阅读gcc libc的源代码wcslen函数的疑问

JohnPhan 2013-04-26 04:24:33

为什么连续用了3个同样的if语句？真是不解。
源代码如下：



size_t

wcslen (s)

     const wchar_t *s;

{

  size_t len = 0;



  while (s[len] != L'\0')

    {

      if (s[++len] == L'\0')

	return len;

      if (s[++len] == L'\0')

	return len;

      if (s[++len] == L'\0')

	return len;

      ++len;

    }



  return len;

}

版本信息：
glibc 2.0

...全文

361 21 打赏收藏转发到动态举报

写回复

用AI写文章

21 条回复

切换为时间正序

请发表友善的回复…

发表回复

fuabcck 2015-11-30

打赏
举报

执行4次是为了字节对齐

z2357 2014-03-07

打赏
举报

看到了那个多字节吗？是多字节的原因。

mLee79 2013-05-07

打赏
举报

引用 17 楼 JohnPhan 的回复:

[quote=引用 14 楼 DelphiGuy 的回复:] 就是循环展开优化，减少分支指令执行的次数，也就减少了处理器分支预测可能失败的次数。相当老的优化技巧了，90年代的watcom c++编译器最爱使用这种套路，对于较新的处理器，这种优化效果不明显。

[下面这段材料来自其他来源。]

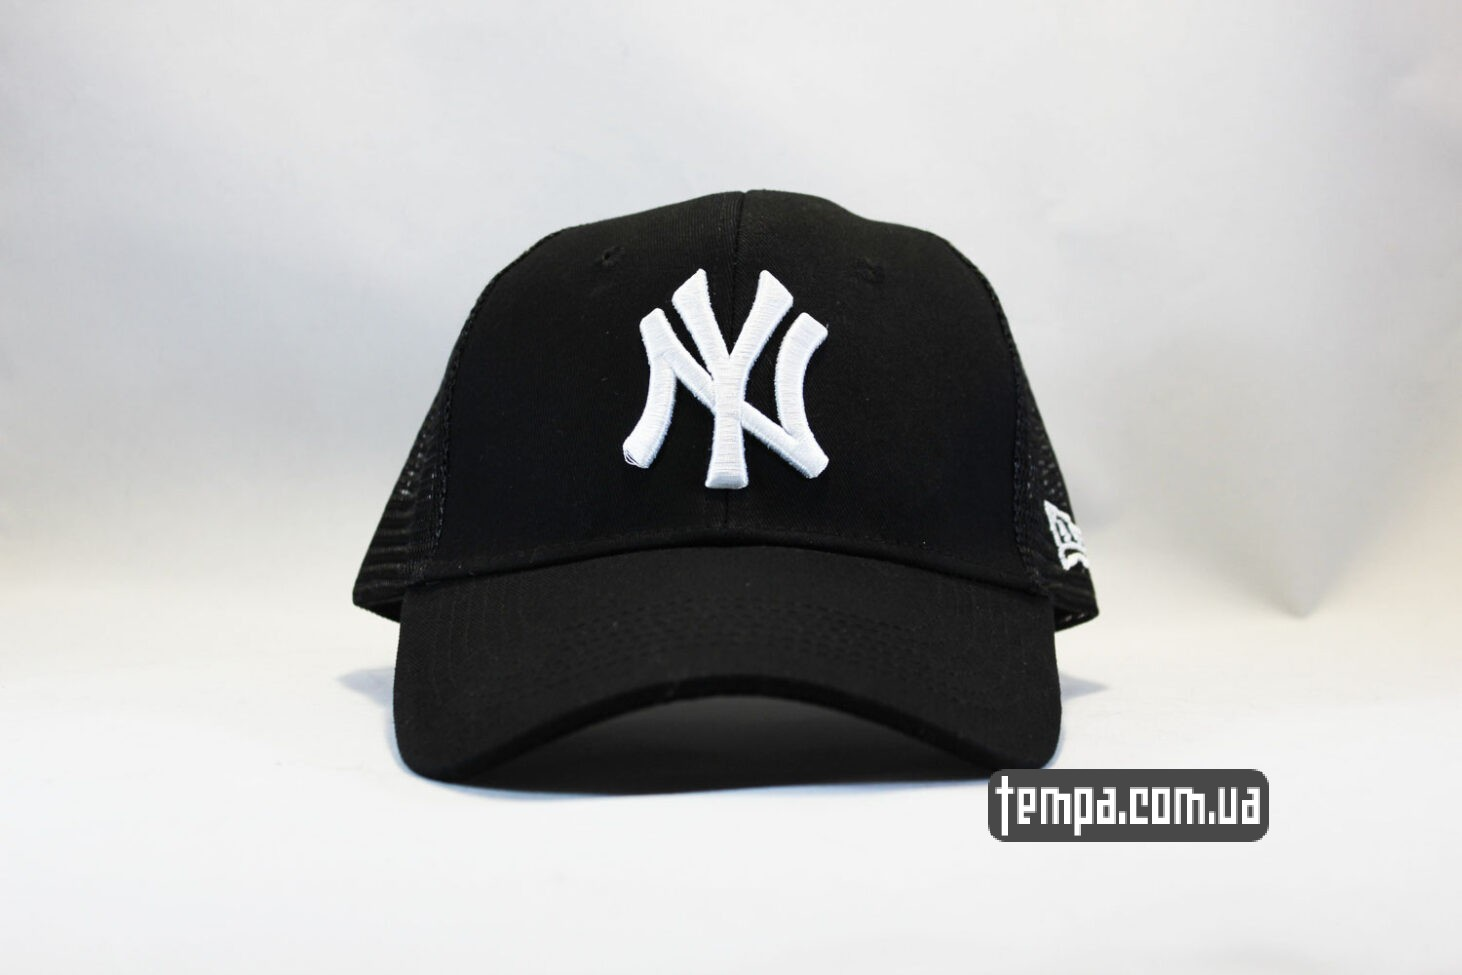 кепка бейсболка Trucker NY New York Yankees черная сеточка

gcc的libc，大概有这样的假定：编译我代码的编译器，可能是“土包子”，可能相当老旧。看libc的代码语法，也可看出，很土，C语言的一点点的更新，都不敢用。 [/quote] glibc是要用首次静态编译的gcc编译的, 这时候很多语言特性本身就不能使用, 我们使用的gcc是要在编译完glibc以后, 使用新鲜出炉的glibc库再次编译gcc的代码生成的, 这时候才能支持所有的语言特性, 像glibc这种基础库能够使用的语言特性是要受到限制的..

「已注销」 2013-05-06

打赏
举报

关于这段代码，如此的计较优化质量，我的看法是，如果要编写系统函数，如本程序，的确的需要如此斤斤计较，尽力的优化。但如果编写一般的用户程序，就一切委托给编译器了，编写程序的专注点，不应该在于协助编译器优化代码上了。在学习语言阶段，可以锱铢必较，甚至研究一下汇编结果，但......

「已注销」 2013-05-06

打赏
举报

引用 14 楼 DelphiGuy 的回复:

就是循环展开优化，减少分支指令执行的次数，也就减少了处理器分支预测可能失败的次数。相当老的优化技巧了，90年代的watcom c++编译器最爱使用这种套路，对于较新的处理器，这种优化效果不明显。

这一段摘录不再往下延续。